The way I do this is to have folders by image type, I have two types: JPG and ARW (Sony’s flavor of RAW). I keep all of my JPG files in one folder and all of my ARW files in another. Within each of those two folders I use a chronological structure.

I keep the two types separate because I process them differently. I tend to be anal about having the ARW and JPG in the folder names so I can be clear what I am looking at, no matter where I am in the folder structure.

Chronological Order

Chronological isn’t as easy as it seems

JPG Files

For the scans of slides, old photos and negatives I often don’t know the exact year, so I use folder names like “1960-70s_Dads_scanned_slides”, “2001-2003-APS_scanned_negatives”. If I have better information on some of the pictures, I make a sub-folder, for example, “2000-Fall-Trip_to_New_England”. Getting more and more of them into files like that is an on-going project.

Using folder names that start with a year keeps the listing organized, and makes it easy to find the photos you need for a project.
The directory of my JPeg folder

Putting a year as the first part of the folder name makes the list of folders come out in chronological order.

In the JPG folder I also have a separate folder for photos from my cell phone. I keep them separately because the file names don’t mesh with what came out of my camera, and the computer gives makes the date the date that it makes the copy, not what is in the file.

For photos taken with my digital cameras it is easier to keep things organized. Chronological order using sub-folders for months and days works well because the camera rolls file names at 9999 back to 0001. It doesn’t happen every day, so you wouldn’t wind up with two 0001s on one day, but you might have two or three in a year.

RAW Files

My ARW files are organized with a folder for year, then sub-folder for month, then, within the month, sub-folders for each day that I took photos. A top-level folder is 2020-ARW. Within that folder are the sub-folders 2020-01-ARW and 2020-02-ARW. Within each of those are day folders (but only if I took photos on that day).

Then there is the exception: I usually want to keep all photos from a trip together. There are two ways this falls out.

If the trip straddles two months, I create a month level folder for the trip and give it a name that causes it to be displayed between the two months, like in the example above.

An example of a trip that straddled two months.

If the trip is all in one month then I make a day level folder for the trip, and within that folder a folder for each day of the trip.

An example of a trip folder within a month.

Worth the effort!

Once I got my photos organized this way it was much easier to find what I needed, regardless of what programs I was using. It was a very worthwhile effort. For JPG files you can view everything you have right in your operating system.

For RAW files you need to use a translation (demosaic-ing) program. There are many of these available. The topic of my next post!

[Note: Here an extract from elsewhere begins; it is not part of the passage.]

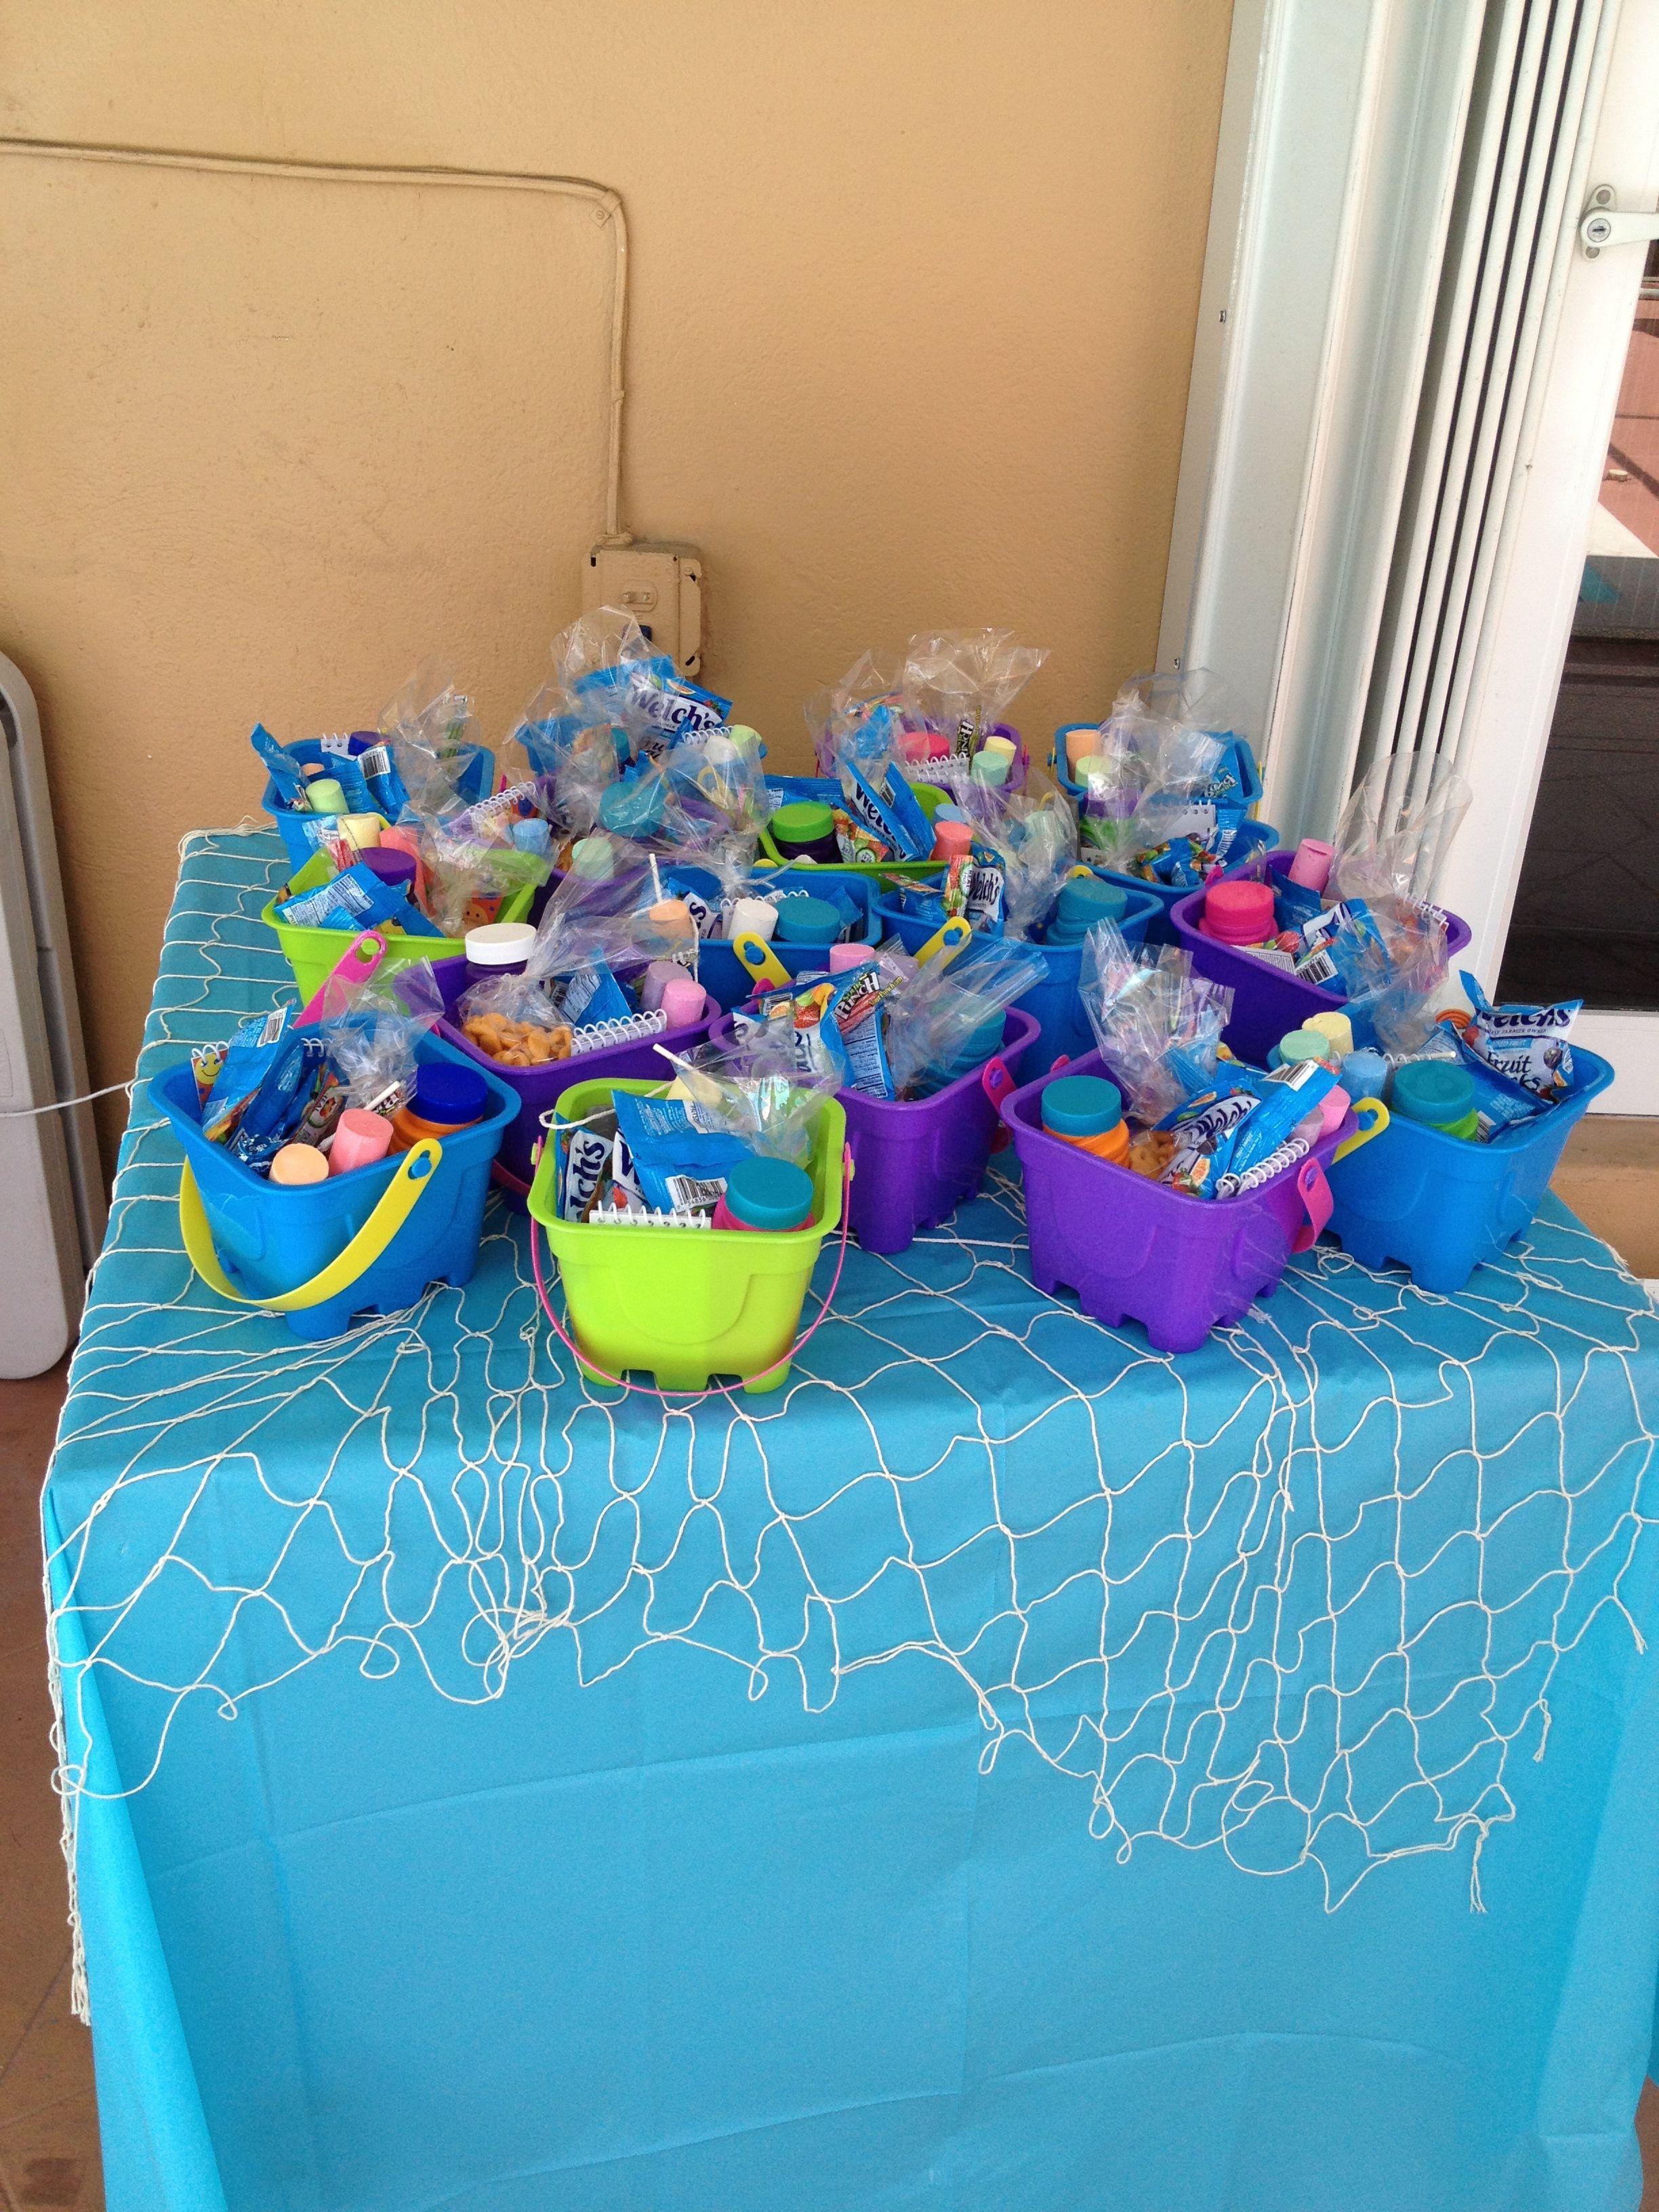 The Little Mermaid Party Ideas Pinterest  Little mermaid party Party ideas

With this organization system for the original files it is easy to test a new digital asset management program on a subset, then easily load all the other files in after you have decided it is worth the effort.

Edited Files

In addition to my original photos I have two places that I use to organize edited photos.

Projects

I have a folder called “working_files” for my current projects: this might be a family calendar, a blog post, uploads for print-on-demand products, etc. This folder is to keep the files I might need to rework or add to a project until I don’t need them anymore. This is my messiest folder. The only thing I do here is to try and make sure the individual project folders have meaningful names.

Exported photos

Once I am ready, I export photos to various places: two blogs, a couple of print-on-demand accounts, photo books, and just sharing with family. I keep copies of these files, sorted by where they went, in my “X-ported_Files” folder (I use X so that is the last folder in my list, making it easy to find).

Keep It Simple, Sweetie!

This method to organize photos is simple, but a complex system would be harder to remember and maintain.